Date: 2008-08-24 09:06 am (UTC)
From: [identity profile] poliphilo.livejournal.com
I think he's on the right track.

Thanks, I think it was one of those 24 hour things. I believe- once the tablets kick in- I'll feel brighter today.

Date: 2008-08-25 04:20 pm (UTC)
From: [identity profile] jackiejj.livejournal.com
Being a carbon-based life form sucks.

Amen, my friend.

I am hoping to become a nice, clean, succinct point-of-light, which seems to be what the Near-Deathers report.

As for what Valee says, it sounds exactly correct to me! I'll buy it, happily. As my ex-husband once said, Chemical rocketry won't bring us to aliens, or they to us. Sliding through dimensions, though--that sounds just right!

Date: 2008-08-25 04:56 pm (UTC)
From: [identity profile] poliphilo.livejournal.com
What I've always wanted to do is fly.

I often do in dreams. And it always seems the most natural thing in the world.

I believe your ex husband is right. Chemical rockets may get us round the solar system, but if we want to travel further we'll have to develop a more subtle technology.

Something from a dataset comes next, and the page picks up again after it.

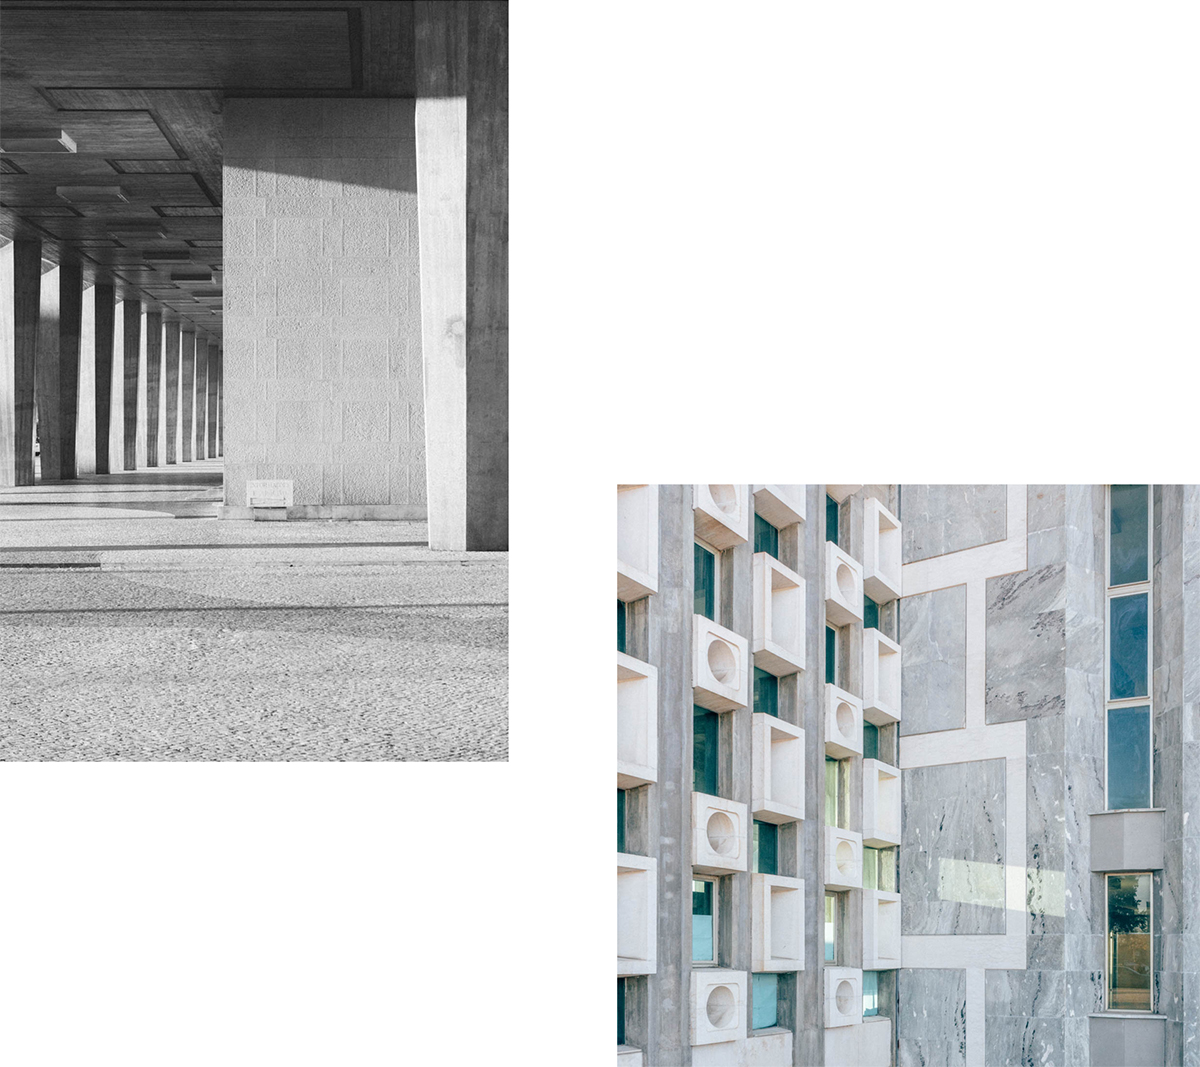 FRAGMENTS_ brutalism in Lisbon - Hannelore Veelaert for au pays des merveilles

Date: 2008-08-26 01:38 pm (UTC)
From: [identity profile] michaleen.livejournal.com
Glad you're enjoying Vallée. He really is thought provoking, so much so that the topic of UFOs seems almost to fade in light of his more far-reaching thesis. Personally, I think he makes perfect sense.

There's a passage in Dimensions where he states that, from a behavioural standpoint, UFOs seem rather like ghosts, but then explicitly refuses to pursue that line of thought to its logical conclusions. If UFOs are like ghosts, then they are like spirits generally, and in the case of demons and such, that would admit the possibility of humans initiating contact. Vallée didn't necessarily say it wasn't true, just that he didn't want to go there.